Kirstie Thomson

Personal information
- Full name: Kirstie Thomson
- Born: 21 October 1988 (age 37) Johannesburg, South Africa
- Batting: Right-handed
- Bowling: Right arm medium
- Role: All-rounder

International information
- National side: South Africa (2009–2011);
- ODI debut (cap 56): 16 October 2009 v West Indies
- Last ODI: 26 November 2011 v Sri Lanka
- T20I debut (cap 21): 25 October 2009 v West Indies
- Last T20I: 30 October 2011 v England

Domestic team information
- 2006/07–present: Central Gauteng

Career statistics
| Competition | WODI | WT20I |
| Matches | 9 | 6 |
| Runs scored | 150 | 54 |
| Batting average | 18.75 | 13.50 |
| 100s/50s | 0/0 | 0/0 |
| Top score | 27 | 32 |
| Balls bowled | 66 | 35 |
| Wickets | 0 | 0 |
| Bowling average | – | – |
| 5 wickets in innings | 0 | 0 |
| 10 wickets in match | 0 | 0 |
| Best bowling | – | – |
| Catches/stumpings | 4/– | 1/– |
- Source: Cricinfo, 15 February 2021

= Kirstie Thomson =

South African cricketer (born 1988)

Kirstie Thomson (born 21 October 1988) is a South African cricketer who plays as a right-handed batter and right-arm medium bowler from Johannesburg, Gauteng. She made 9 One Day International and 6 Twenty20 International appearances for South Africa between 2009 and 2011. She plays domestic cricket for Central Gauteng.

== Early life and education ==
Thomson was born in Johannesburg and attended De La Salle Holy Cross College. She began playing mini-cricket at an early age and progressed through local clubs and provincial pathways in Gauteng before establishing herself at senior domestic level.

== Domestic career ==
Thomson enjoyed a lengthy domestic career for Gauteng/Central Gauteng and for club sides including the Wanderers, becoming one of the Lions’ most consistent batters across many seasons.

In the 2024–25 season Thomson announced her retirement from provincial/professional cricket.
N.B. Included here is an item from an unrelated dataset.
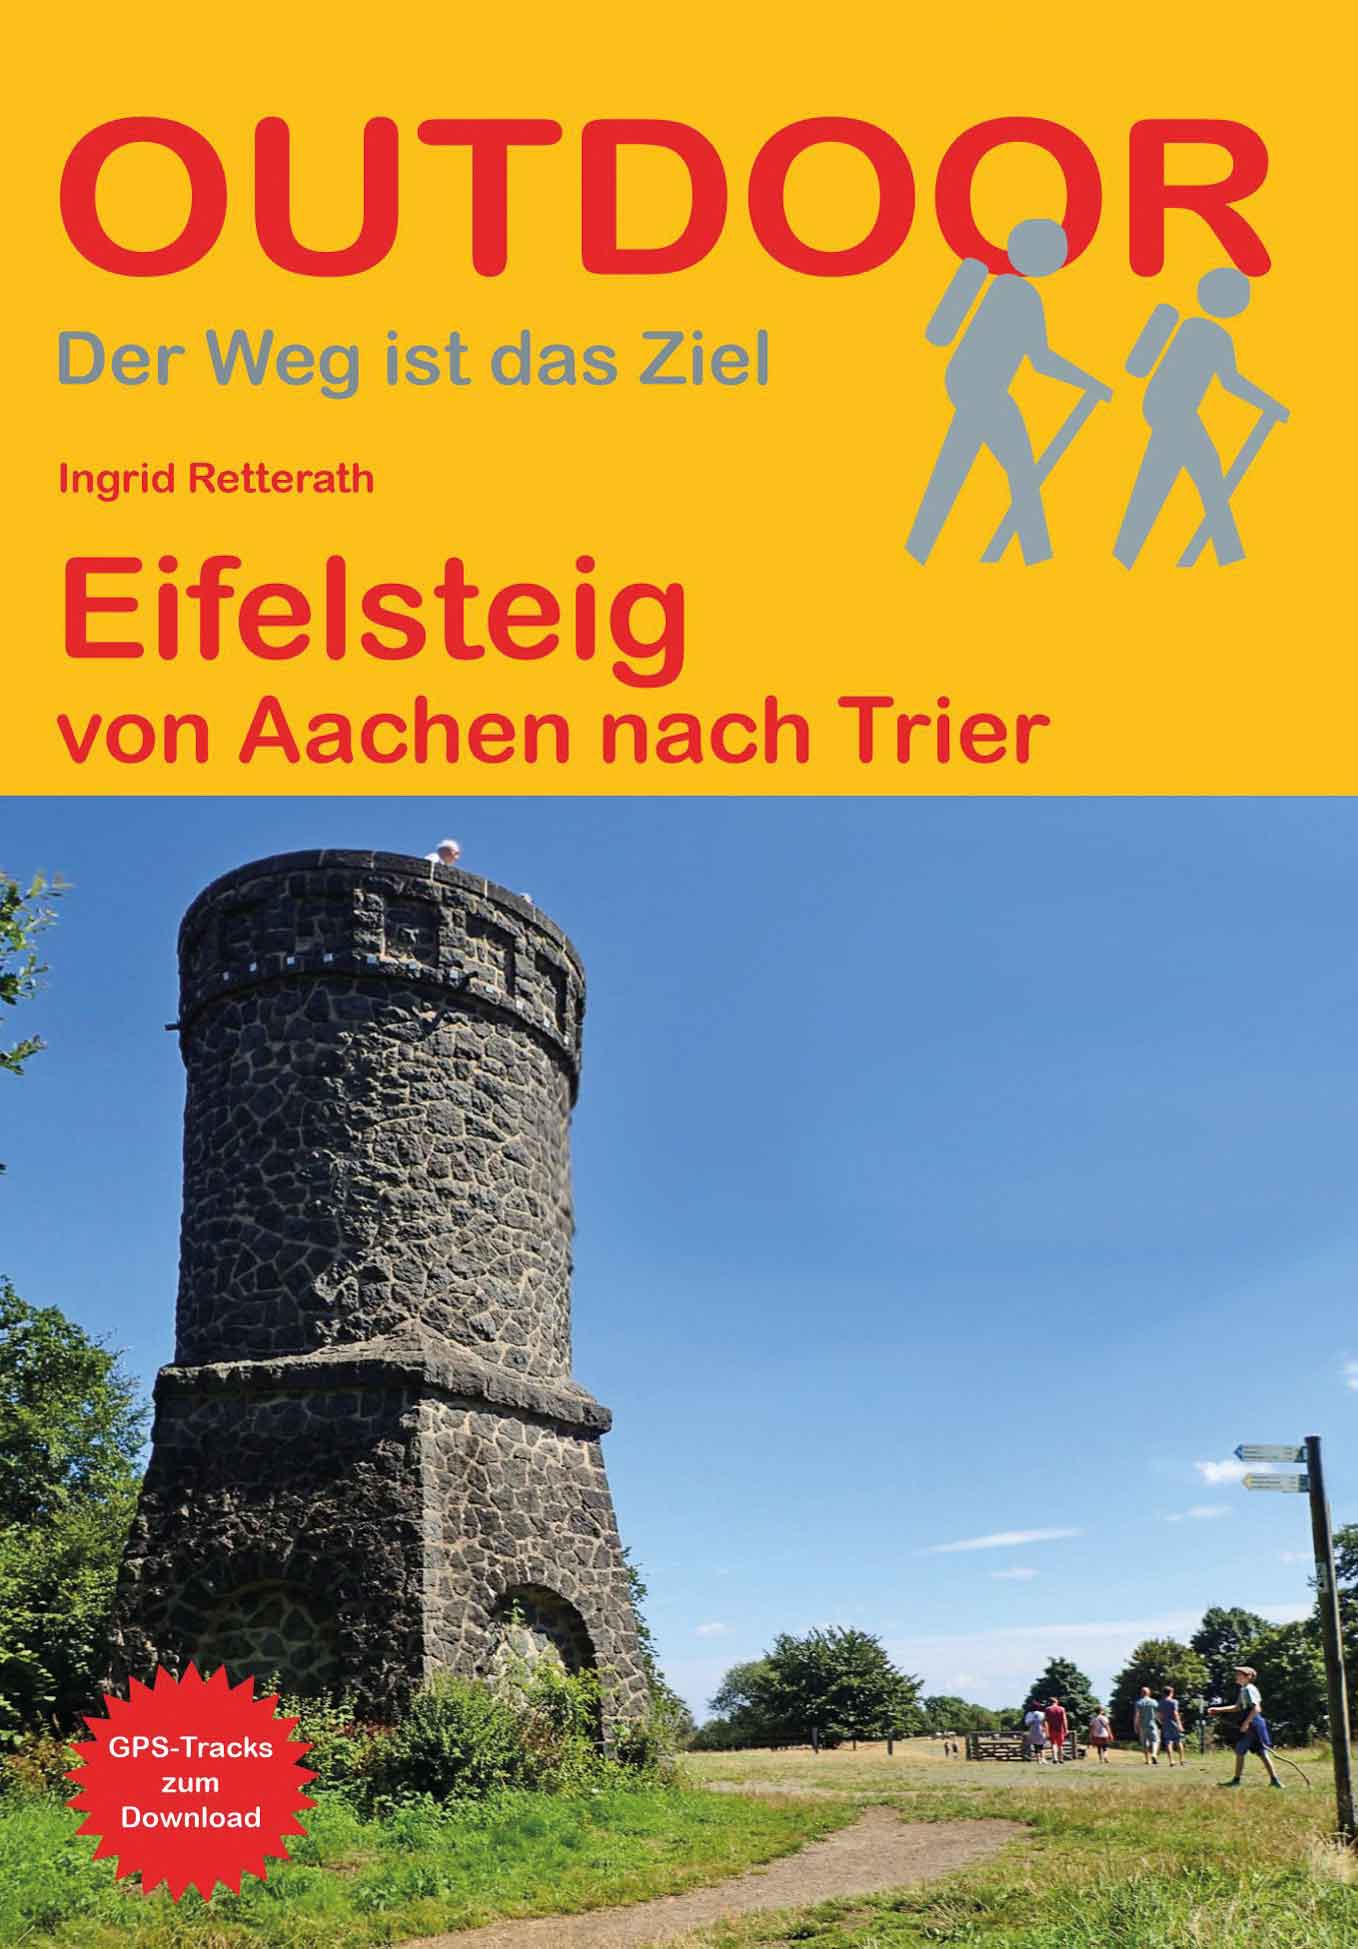 Online bestellen: Wandelgids Eifelsteig (Duitsland Aachen - Trier) | Conrad Stein Verlag

Lions held a farewell innings and honoured her contribution to the side.

== International career ==
Thomson made her senior international debut for South Africa in October 2009 during the West Indies tour of South Africa (ODI debut: 16 October 2009; T20I debut: 25 October 2009). She appeared for the national side between 2009 and 2011, making nine WODI and six WT20I appearances.

In April 2021, she was part of the South African Emerging Women's squad that toured Bangladesh.

== Playing style ==
A right-handed batter, Thomson typically occupied the top order in domestic cricket and provided occasional right-arm medium pace. She was valued domestically for her ability to build innings in List A cricket and for dependable fielding.

==Personal life==
Outside cricket, Thomson trained and practised as a medical doctor and has specialised in diagnostic radiology while combining work and sport during her playing career.